I'm with Charlie--there's nothing like fressing with the hounds. I'd say that Great Eastern isn't worth a trip from another county just for the food, but everything was decent at minimum, very good at best, and it was clean and pleasant with attentive service.
The deep-fried items were a pleasure. The oil tasted really fresh. The fillings were pretty muted in flavor, but the astonishing crunch of the bean curd skin roll and the greaseless frizz of the taro made them fun to eat. And the mochi balls stayed tasty even when cold, which almost never happens.
The steamed and pan-fried dumplings were also well-executed while indifferently seasoned, with the exception of the Zhiu Zhou dumplings, whose filling was complex and zippy with pork and dried shrimp, chili, cilantro, peanuts, maybe garlic chives(?), shiitakes, and something white and crunchy. I think these were my favorite thing on the table.
I feel like I'm damning with faint praise here, but again the most distinguishing feature of the meats was how they lacked anything negative. Both kinds of spareribs, the short ribs, and the duck tasted very fresh, not at all gristly, properly cooked--good quality meat. But again, of limited savoriness. The standout here was the beef. These were exquisite, tiny bites of pure salty beefy short ribs that wouldn't have been out of place on a tasting menu anywhere in town.
We really ordered a stupefying amount of food.

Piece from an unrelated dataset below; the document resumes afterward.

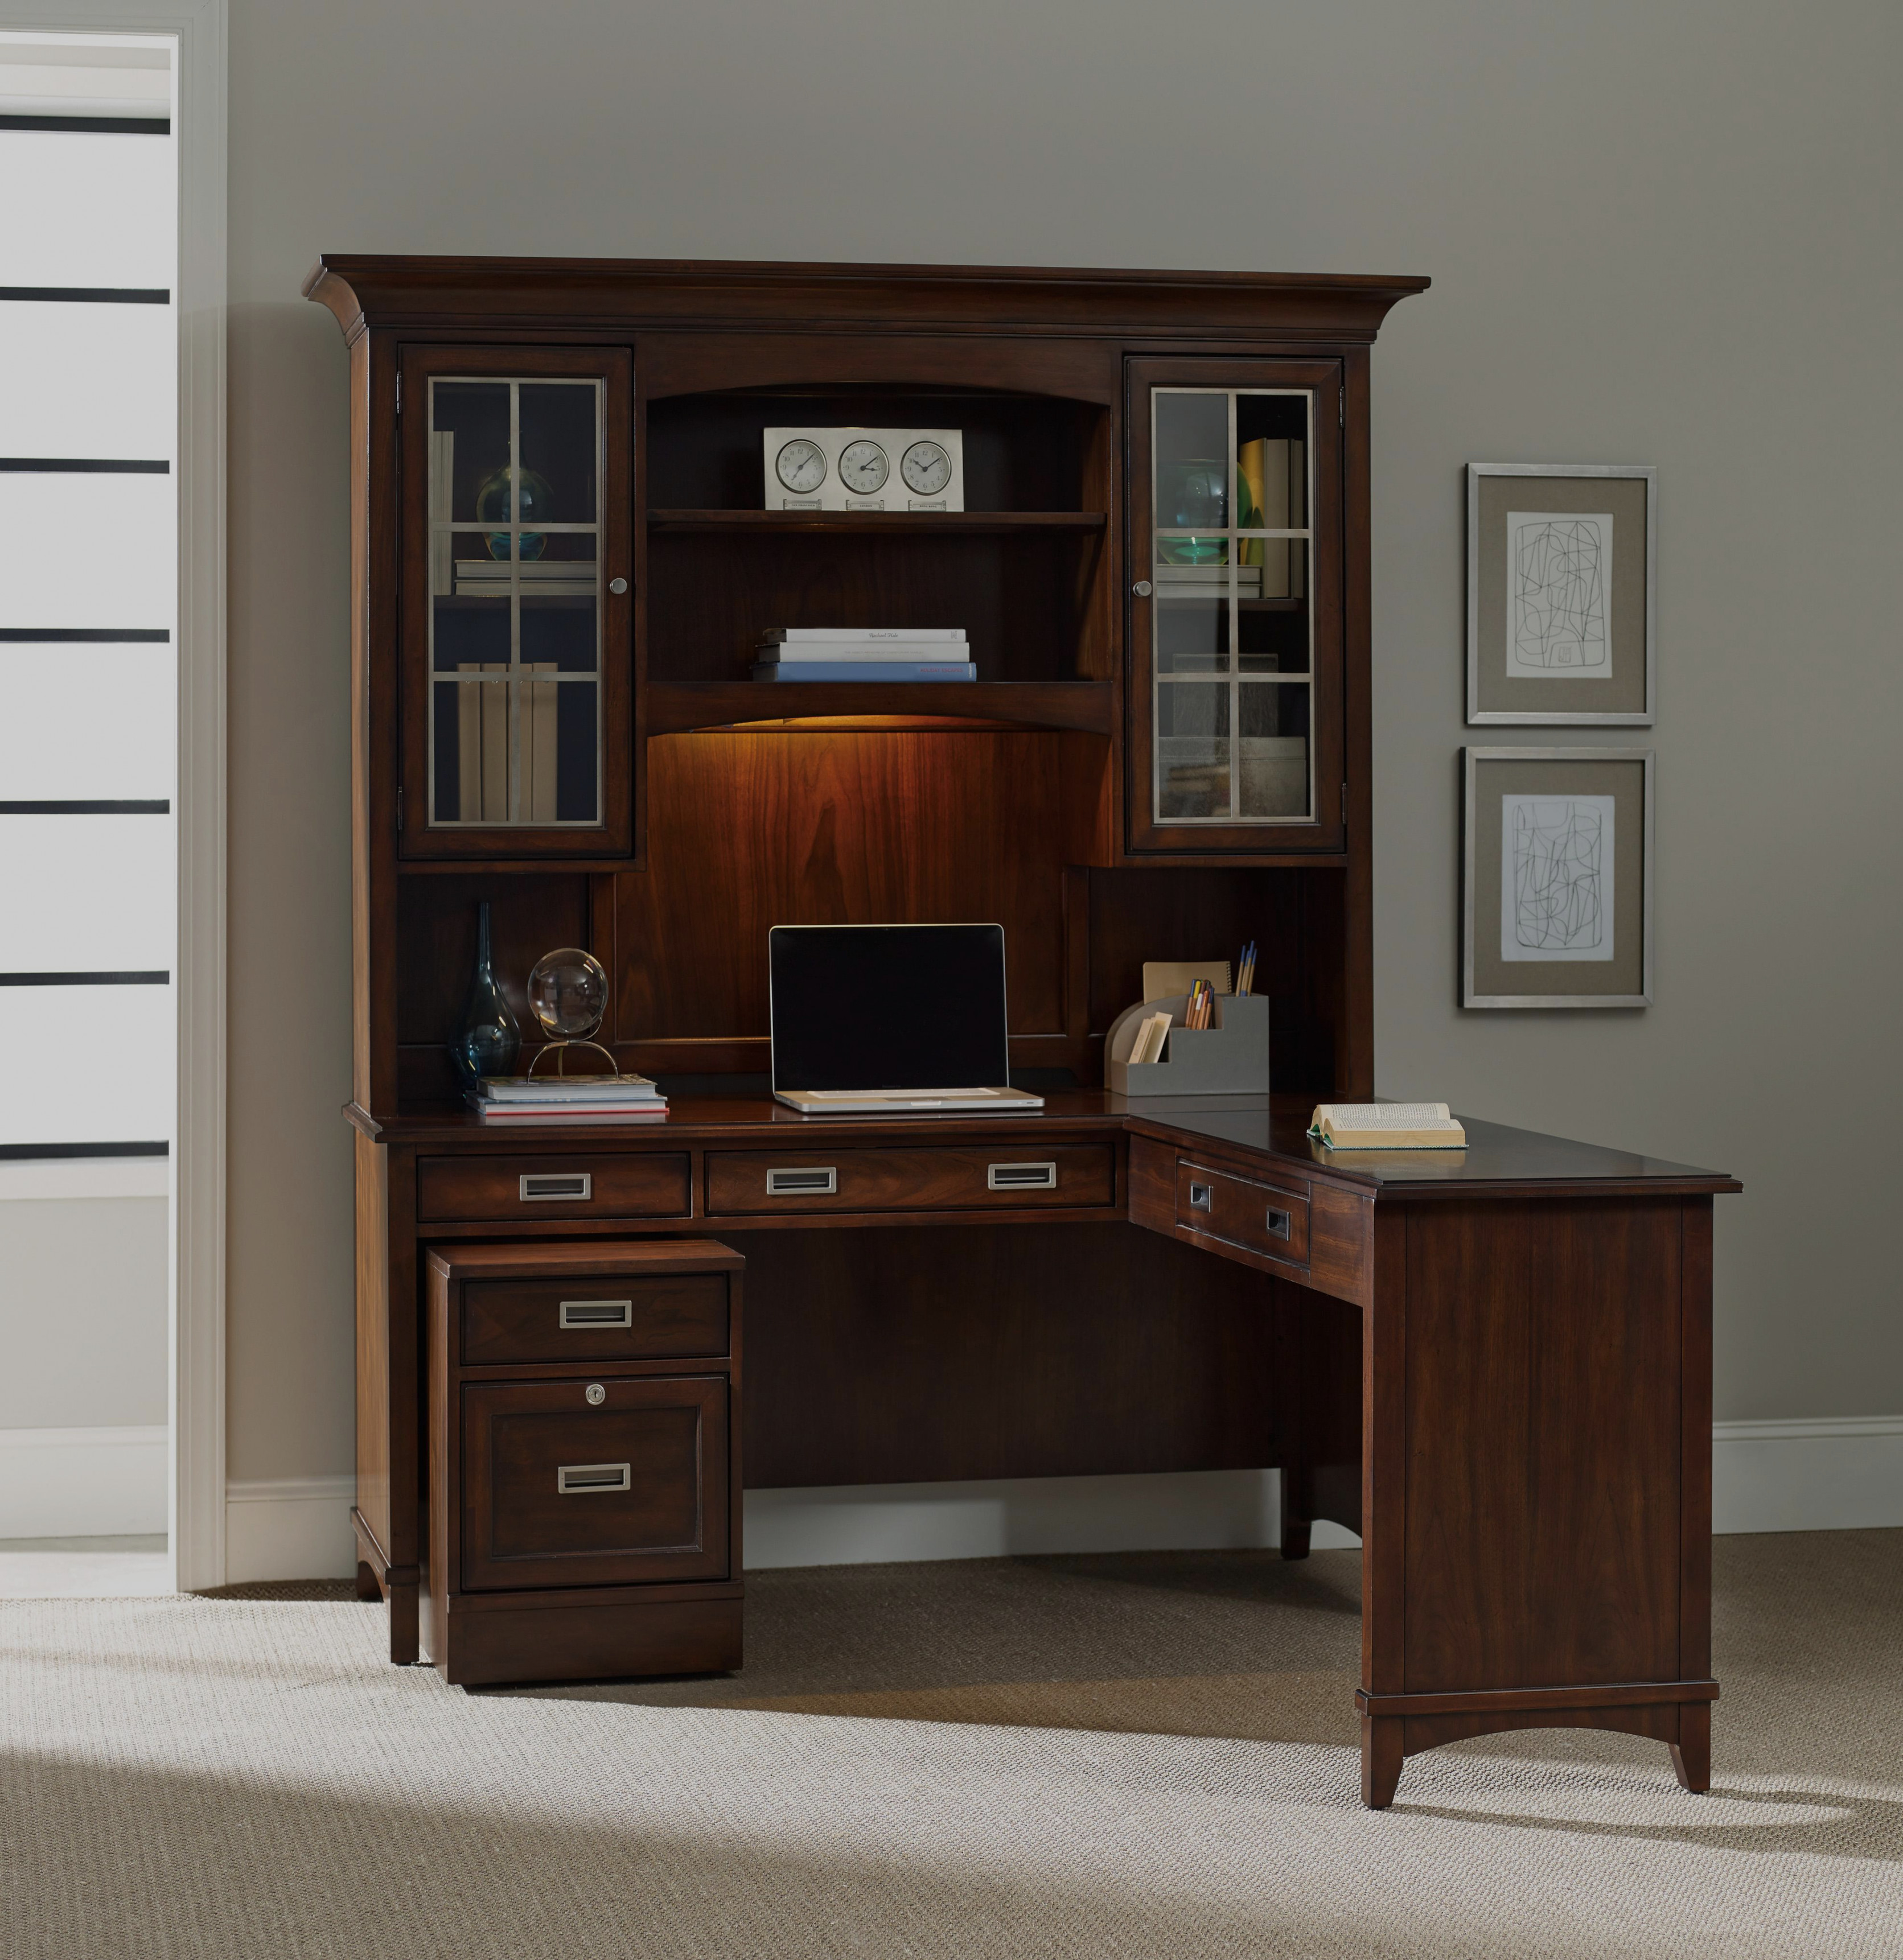 walnut filing cabinet best of 16 unique fice furniture file cabinets fresh home design ideas

It completely filled the lazy susan in the center of our large table. We were spread out and it was hard to carry on a conversation, so we just set about making a big dent in the bounty. Would the individual items have had more of an impact if they hadn't all arrived in a ten-minute span? Maybe. Would it have mattered to our overall enjoyment? I don't know. It was a thoroughly great afternoon, all of us enjoying it exactly for what it was.
And now I can say I've eaten duck tongues.